While Chancellor, Cheek served on the UT-Battelle Board of Governors for Oak Ridge National Laboratory, the board of directors for United Health System, the Pat Summit Foundation, the Southeastern Conference (SEC) Board of Directors, the SEC Executive Committee and chaired the Leadership Knoxville Board of Directors.

== Personal life ==
Cheek is a native of Texas and is married to Ileen Cheek, and they have two children and four grandchildren.

== Publications ==

- Cheek, J. G., & Arrington, L. R. (2011). Reshaping SAE to provide experiential learning in the 1990s. The Agricultural Education Magazine, 83(4), 5–8.
- Cheek, J. G. (2008).
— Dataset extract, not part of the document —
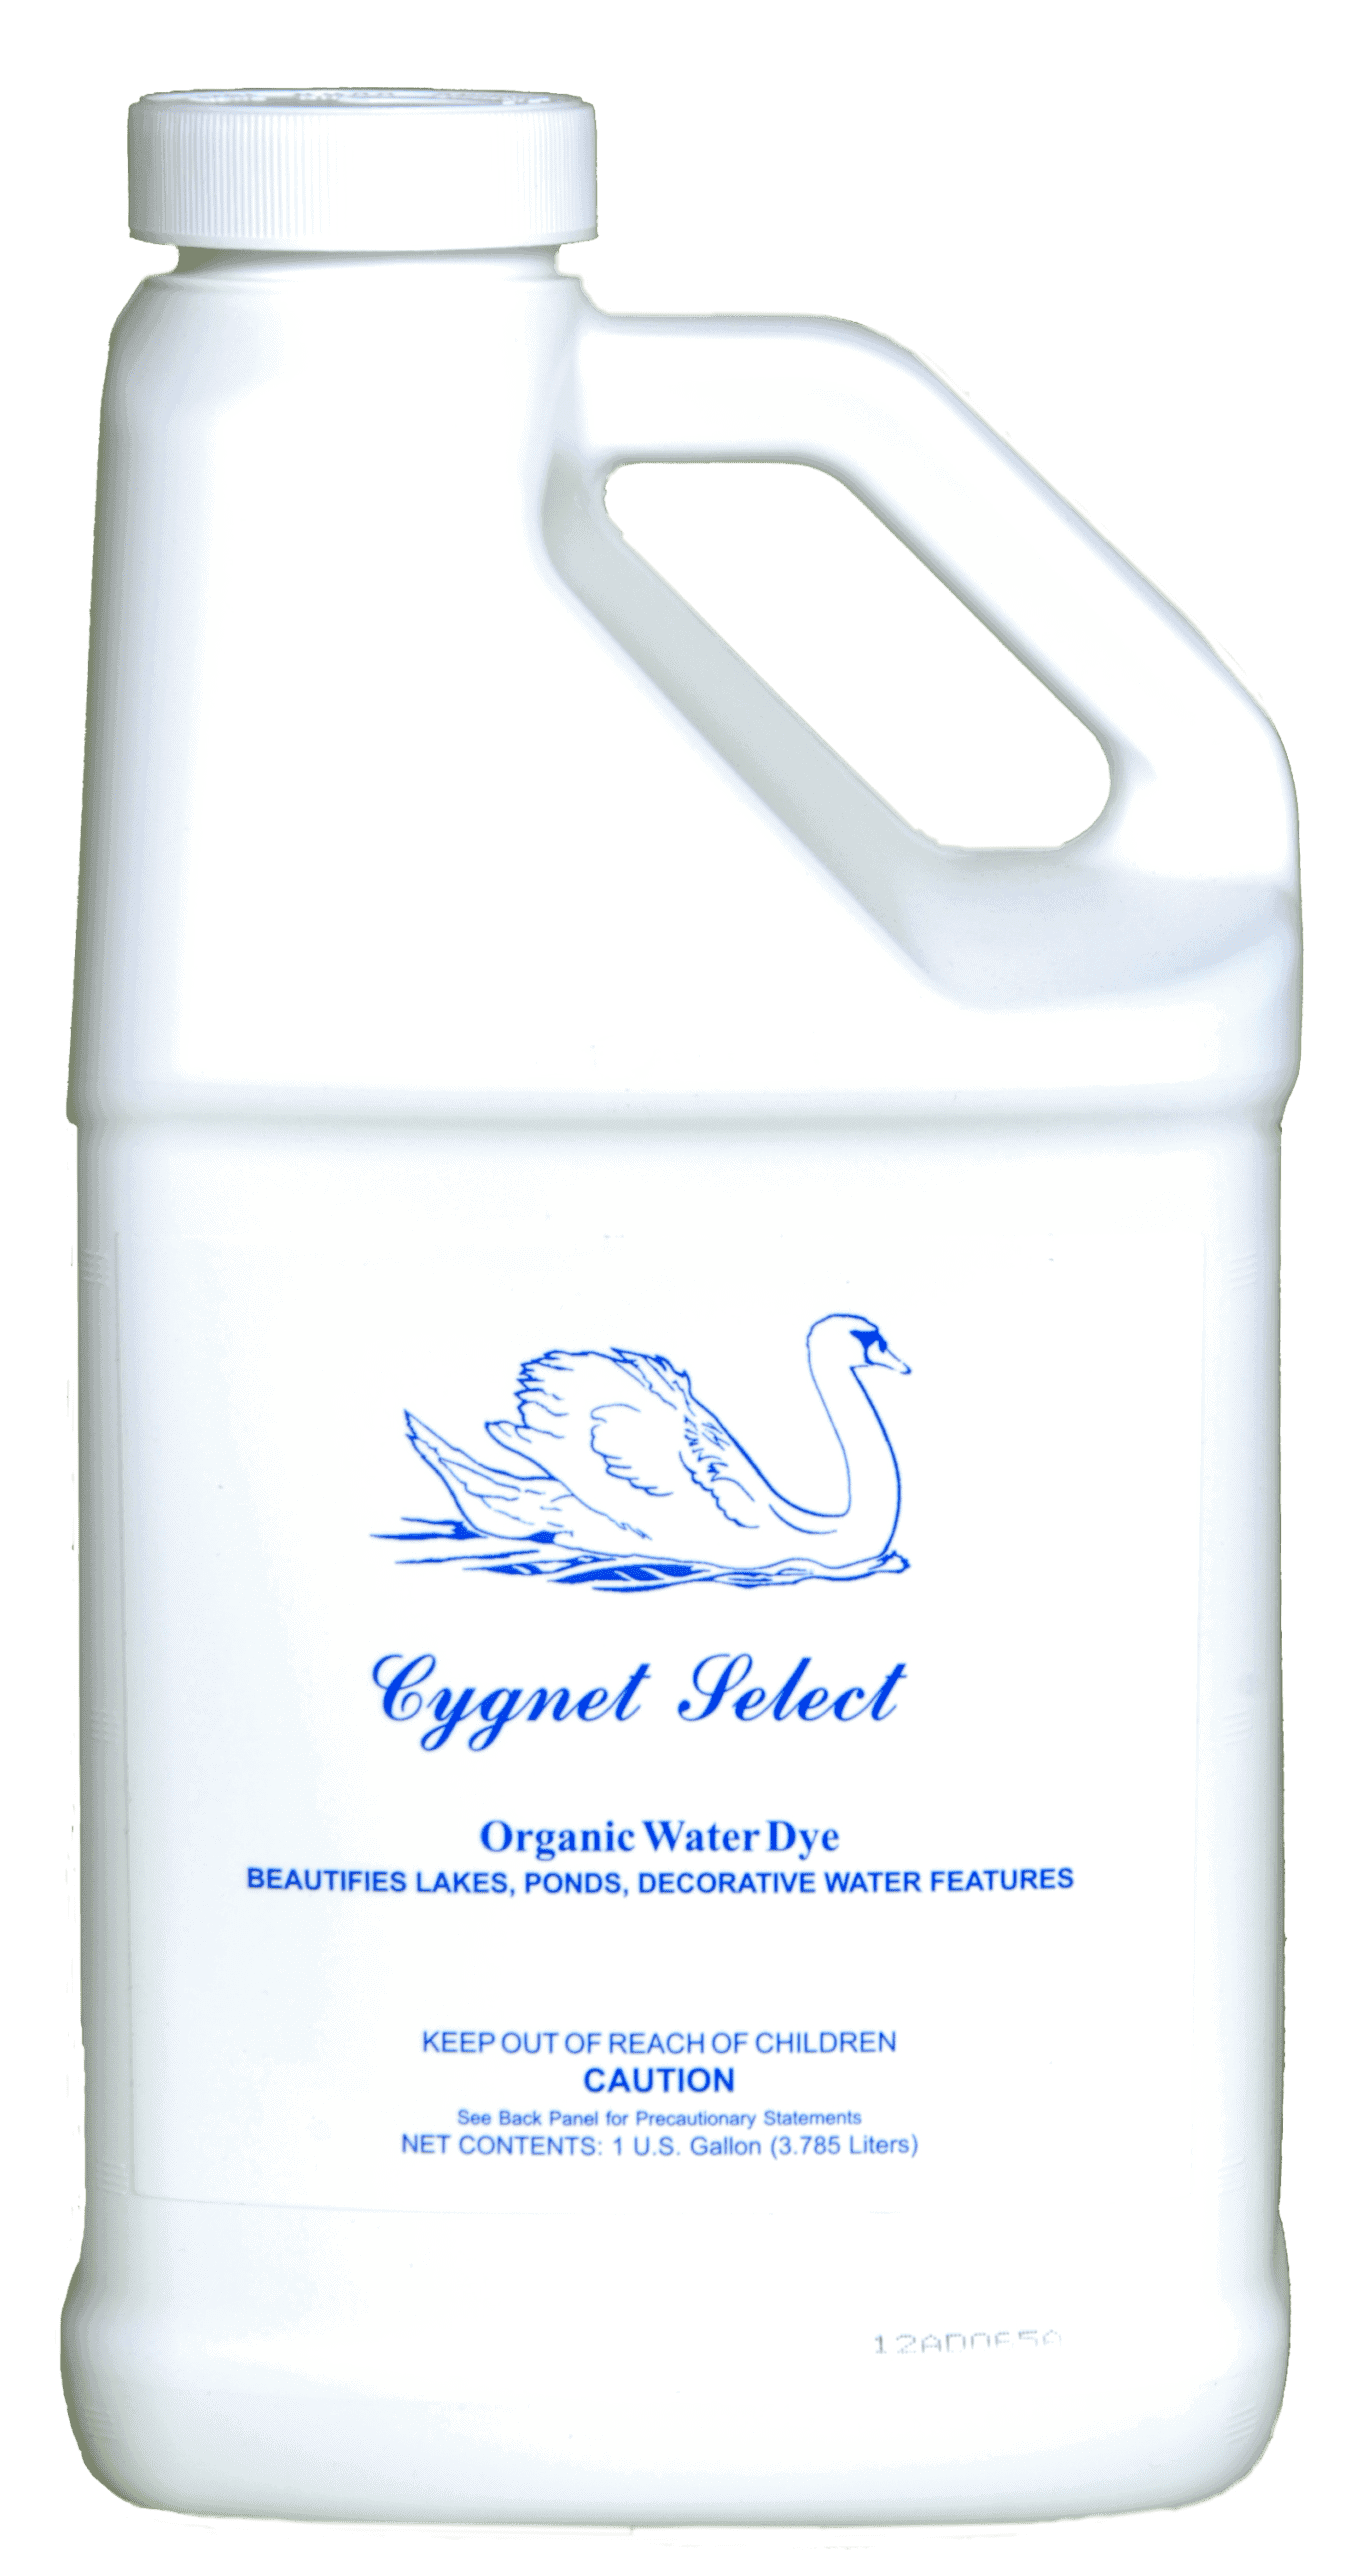 Cygnet Select Organic Water Dye

Ag Fuels Florida's Future. Florida Grower, 101(4), 34.
- Cheek, J. G. (2006). Safeguarding the future of Florida's citrus industry. Florida Grower, 22, 24.
- Darnell, R., & Cheek, J. (2005). Plant science graduate students: Demographics, research areas, and recruitment issues. HortScience, 40(4), 1138B-1138.
- Martin, M. V., & Cheek, J. G. (2004). Off-campus degree programs: lessons from Florida's experience. NACTA journal, 42–45.
- Connor, L. J., & Cheek, J. G. (2002). Effective utilization of faculty task forces for problem solving. NACTA Journal, 27–32.
- Achey, P. M., & Cheek, J. G. (1999). Alternative Approaches to Computerized Monitoring of Student Progress. NACTA journal, 24-28
- Comer, D. A., Cheek, J. G., & Connor, L. J. (1996). A case study of undergraduate curricular reform in a college of agriculture. NACTA Journal, 40(3), 4–13.
- Cheek, J. G., Arrington, L. R., & McGhee, M. B. (1995). Effective oral communication. Interstate Publishers.
- Cheek, J. G., Arrington, L. R., Carter, S., & Randell, R. S. (1994). Relationship of supervised agricultural experience program participation and student achievement in agricultural education. Journal of agricultural education, 35(2), 1–5.
- Arrington, L. R., & Cheek, J. G. (1990). SAE Scope and Student Achievement in Agribusiness and Natural Resources Education. Journal of Agricultural Education, 31(2), 55–61.
- Cheek, J. (1988). Maintaining Momentum in Vocational Education Research. Journal of Vocational Education Research, 13(1), 1–17.
- Cheek, J. G. (1983). Predicting Whether or Not Agricultural Education Graduates Will Teach. Journal of Vocational Education Research, 8(4), 49–60.
- Cheek, J. G., & Christiansen, J. E. (1977). Perceptions regarding the role of the vocational counselor. The Journal of Educational Research, 70(5), 281–285.